Sacrificing a bishop

One day
I would like to take
Both my hands
(For I consider life
Itself too dear to lose)
Dip them in Petrol
Then set them alight
With a candle flame
And dedicate them
To those who acted
While I wept and wrote.
 

-Maimed Jam

So it happened. Someone rose to make his ultimate protest. Knowing how his people wept, 66-year-old John Joseph, a Roman Catholic Bishop for 17 years, shot himself to death. He was one among the protestors of Pakistan´s tyrannical blasphemy laws. He was engaged with others like him to push the protest to its ultimate limits but mere opposition was of no use. The state authorities would not budge one bit. The pressure of fundamentalism was at its height.

What the protestors asked for was what people in most countries had and took for granted. They asked that the country´s blasphemy laws incorporated in the penal code be removed and with it the unjust discrimination against the non-Muslim.

The protest went on for years but cases under the blasphemy law continued. Sometimes victims went into hiding and others like Bishop John Joseph helped them to survive. But not every one could be saved. Mobs acting under the instructions of manipulators attacked and killed some. It was just a few months back that two people were attacked in front of the sessions court of Sahiwal town in the province of Punjab, and one of them was killed. It was on the very spot where this man was killed, that Bishop John Joseph sacrificed his life.

Some seem to find it difficult to understand the Bishop´s final action, though they claim that they do sympathise with his cause. This is a convenient way of trying to forget the very message of this revered Bishop.

As a Roman Catholic cleric he knew very well the Catholic teachings against suicide. When deciding to ignore these he would not have done so lightly. His was not a hasty decision. He had warned about it indirectly. He had warned the government that if the blasphemy laws were not repealed, he would protest in an astonishing way. At international gatherings he had said the people would protest and the protest would take different forms. His was thus a long contemplated deliberate act of protest.
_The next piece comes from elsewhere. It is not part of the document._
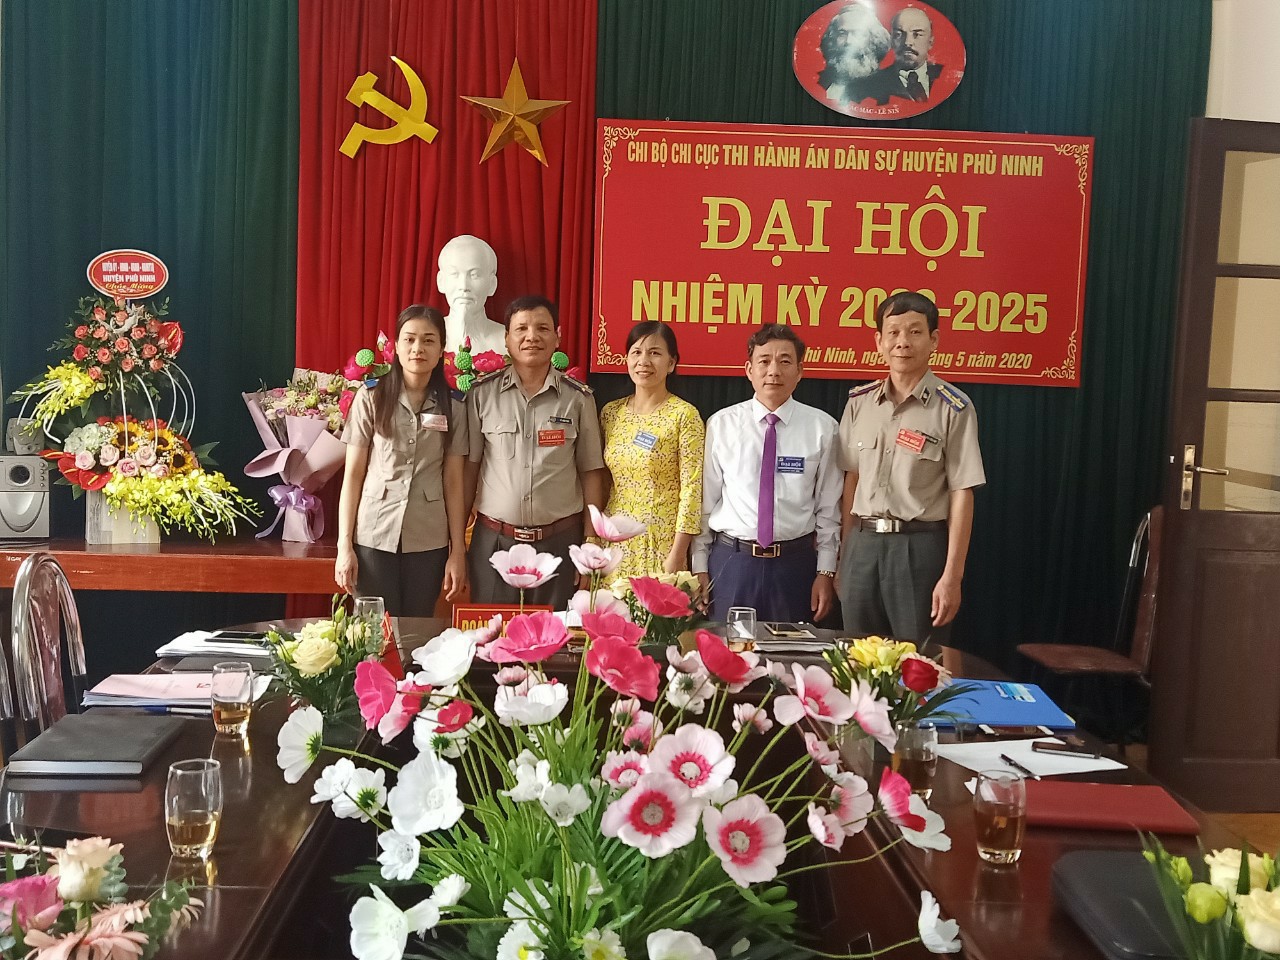 Chi bộ Chi cục thi hành án dân sự huyện Phù Ninh  tổ chức thành công Đại hội nhiệm kỳ 2020-2025

Would any other form of protest have mattered? There had been many years of letter writings, national and international seminars, prayer meetings, publications and everything else that usually go under the name of protests. Nothing worked. Cynical games of harassment, intimidation and cruelty continued, and even the courts were used for such purposes. On 26 April 1998, the courts sentenced another man, Ayub Masih to death. As in other cases, the victim was accorded no due legal rights.

The challenge then was either do something that mattered or just bow to the situation. Bishop John Joseph was no hypocrite. As chairperson of the National Justice and Peace Commission, he was well known for his human rights activism.

But there comes a time when mere activism would no longer suffice. Instead of exposing the poor and the weak to any more attacks, it was time for a leader to face the challenge. He would take the suffering of his people on himself. Thus on 6 May, Bishop John Joseph offered his life on behalf of those he led.

His sacrifice poses a challenge to the leaders of the Christian community in his own country and outside. The questions he has left behind are these: will you just sit and watch or engage only in gestures that do not really matter, or will you do something meaningful for people who are so unjustly treated? Bishop John Joseph did what he thought he had to. Can anyone in Pakistan sit easy?